The pipeline-creation Step 2 asks the operator a high-level question:

What data does it handle? ☐ Customer PII ☐ Payment data ☐ Source code & secrets ☐ Internal docs only ☐ External communications ☐ Health data ☐ EU residents

We need to translate those checkboxes into:

  • Pipeline steps (which detectors to enable, in what mode)
  • Tool constraints (per-tool parameter rules)
  • OPA Rego policies (instantiated from templates)

A naïve if pii: enable_pii_detector chain doesn't scale: 7 categories × N regulations × M tools × outcomes is combinatorial. Hardcoded mappings calcify the moment a new category, regulation, or tool lands.

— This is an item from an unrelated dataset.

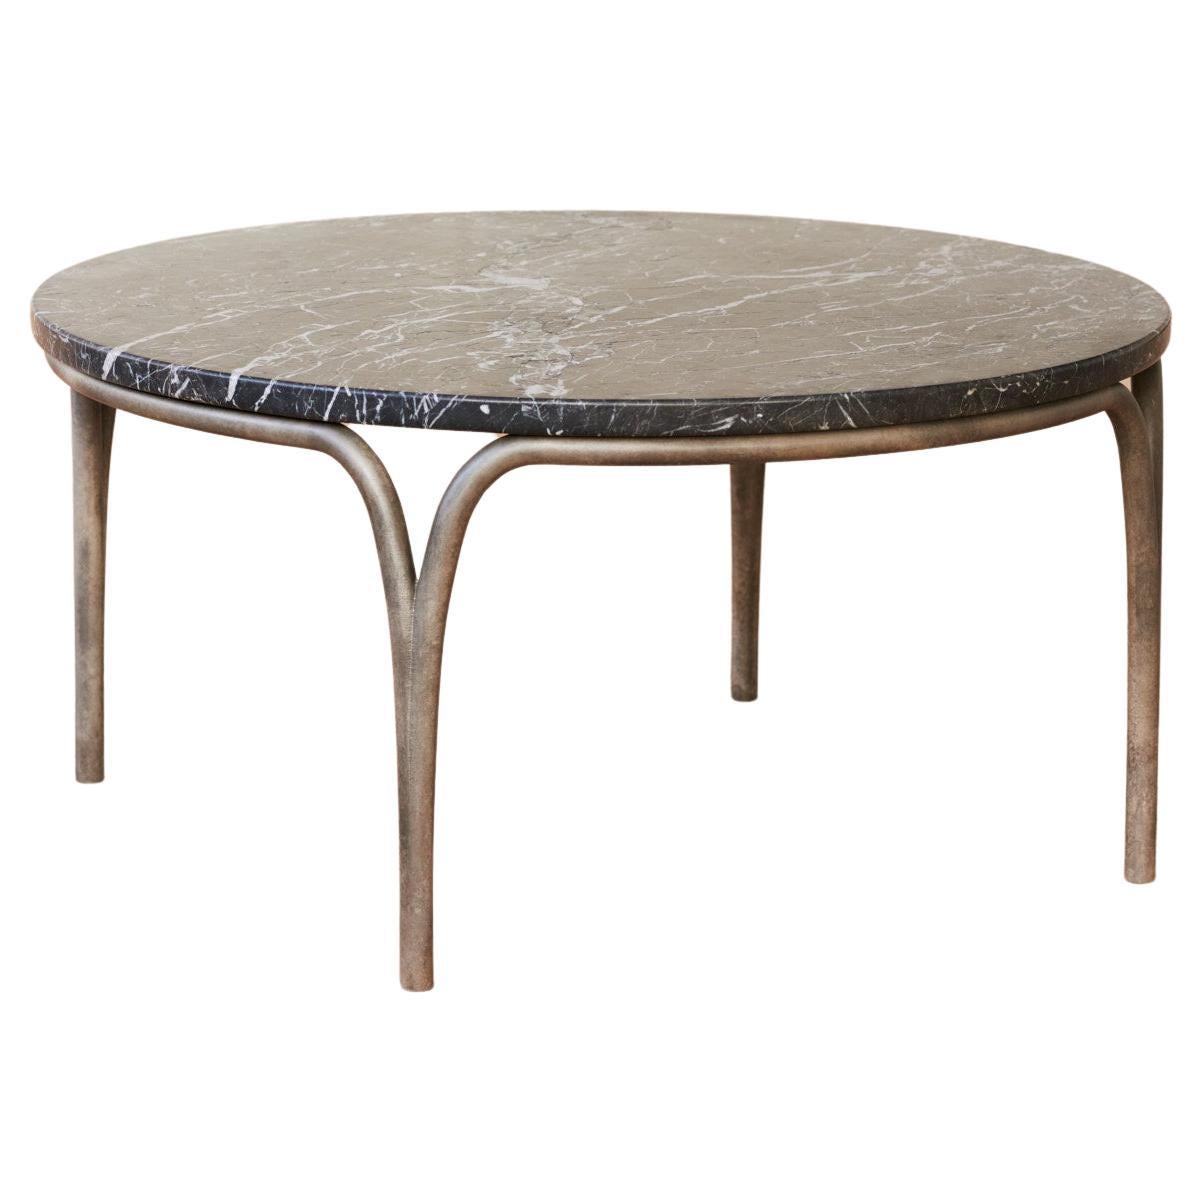 Table basse cirrus avec plateau de table en marbre

Categories → Concerns → Mitigations
(UI labels) (risk/reg model) (steps + constraints + Rego)
"Customer PII" data_leak detect_pii (block)
"Payment data" pci_dss detect_secrets (block)
"EU residents" gdpr_required tool: send_email exclude *.us
audit_required scan_output (block)
… …

Why two layers, not one direct map:

  1. Dedup is automatic. Customer PII and Health Data both trigger data_leak. With direct mapping, detect_pii would be enabled twice (once per category) and we'd need conflict-resolution logic in the UI. With concerns as a set, dedup falls out for free.

  2. Categories vs. Concerns vs. Mitigations evolve at different rates.

    • Categories change when product UX redesigns (every 6 months)
    • Concerns change when regulations land (HIPAA, DORA, EU AI Act — every few years)
    • Mitigations change when detectors / tools / policies ship (every sprint)
    • One layer per rate-of-change.
  3. Composability. New category → one entry pointing at existing concerns. New regulation → one concerns entry pointing at mitigations. New mitigation → registered once, every concern that needs it picks it up.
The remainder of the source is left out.